I am trying to get my head around how to express the solution to

xy-3x+4y=12

I can see how to factorise this to get

xy-3x+4y-12=0

(x+4)(y-3)=0

so x=-4 or y= 3?

But when x=-4, y can be anything ( by substituting back into the first equation), So do i express the solutions as (-4, y)

and (x, 3) if it was pairs of solutions i was interested in?

So are there infinite solutions to this problem?

 

[apple2357]

Also, something else i don't understand.

I could approach the above problem in a different way and rearrange for x ( say) to get

x(y-3) = 12-4y
x = 4(3-y)/(y-3) so x=-4 but y cannot equal 3 ?

How does this not confirm the above?

Am i doing two different things?

 

[lev888]

S(x,y)=xy-3x+4y-12 is a surface in 3d space.
When you solve S=0 you find where the surface intersects the z=0 plane. And the solution is 2 lines: -4,y,0 and x,3,0 (infinite number of points).

 

[mmm4444bot]

Consider: x + y = 12

One equation; two variables; infinite solutions possible.

 

[Steven G]

I am trying to get my head around how to express the solution to

xy-3x+4y=12

I can see how to factorise this to get

xy-3x+4y-12=0

(x+4)(y-3)=0

so x=-4 or y= 3?

But when x=-4, y can be anything ( by substituting back into the first equation), So do i express the solutions as (-4, y)

and (x, 3) if it was pairs of solutions i was interested in?
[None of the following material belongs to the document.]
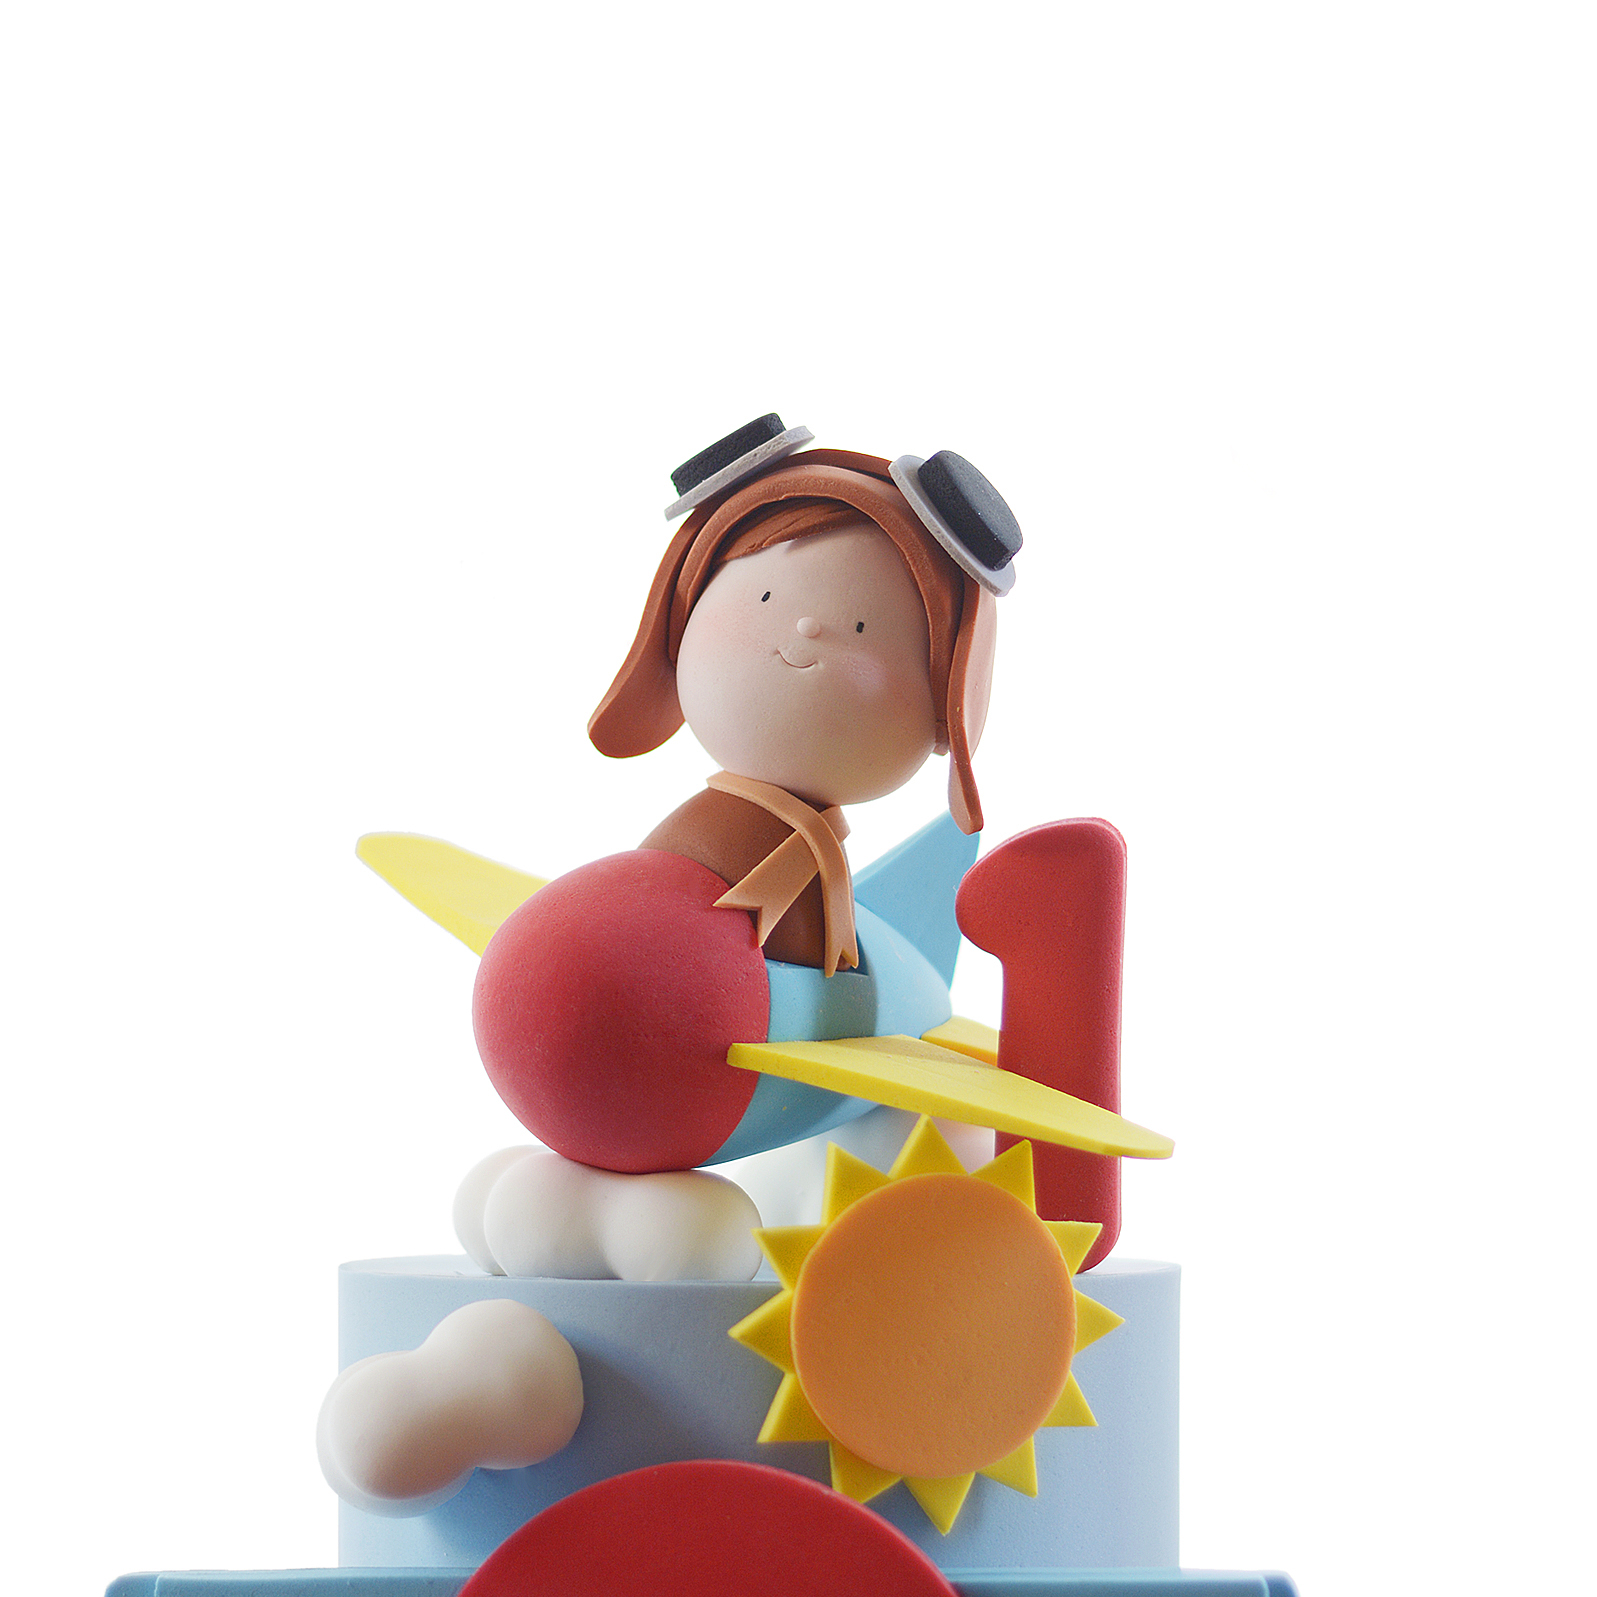 Airplane pilot fondant figurine

So are there infinite solutions to this problem?

Yes, everything that you said is true. Good job. Sometimes answers are strange looking. This is the property or zero. Any number times zero = 0. Consider (x-5)(x-6)=0 We can immediately say that x=6 is a solution without even knowing what 6-5 equals! In your example you have (x+4)(y-3)=0. Clearly y=3 is a solution while x-3 we don't care what it equals. This time (unlike my example above) x-3 is NOT a function of y and as a result of this, x can be any value.Please think about all this and ask any question you might have.

 

[Harmless Drudge]

I am trying to get my head around how to express the solution to

xy-3x+4y=12

I can see how to factorise this to get

xy-3x+4y-12=0

(x+4)(y-3)=0

so x=-4 or y= 3?

But when x=-4, y can be anything ( by substituting back into the first equation), So do i express the solutions as (-4, y)

and (x, 3) if it was pairs of solutions i was interested in?

So are there infinite solutions to this problem?

The intersection of an unbounded surface with an unbounded plane will often have an infinite number of points as solutions, comprising and expressed as curves. In this case, those curves are formed as lines. You've described the intersections by parameters. You might be expected to use a specific syntax or notation, but you've cracked the nut entirely already.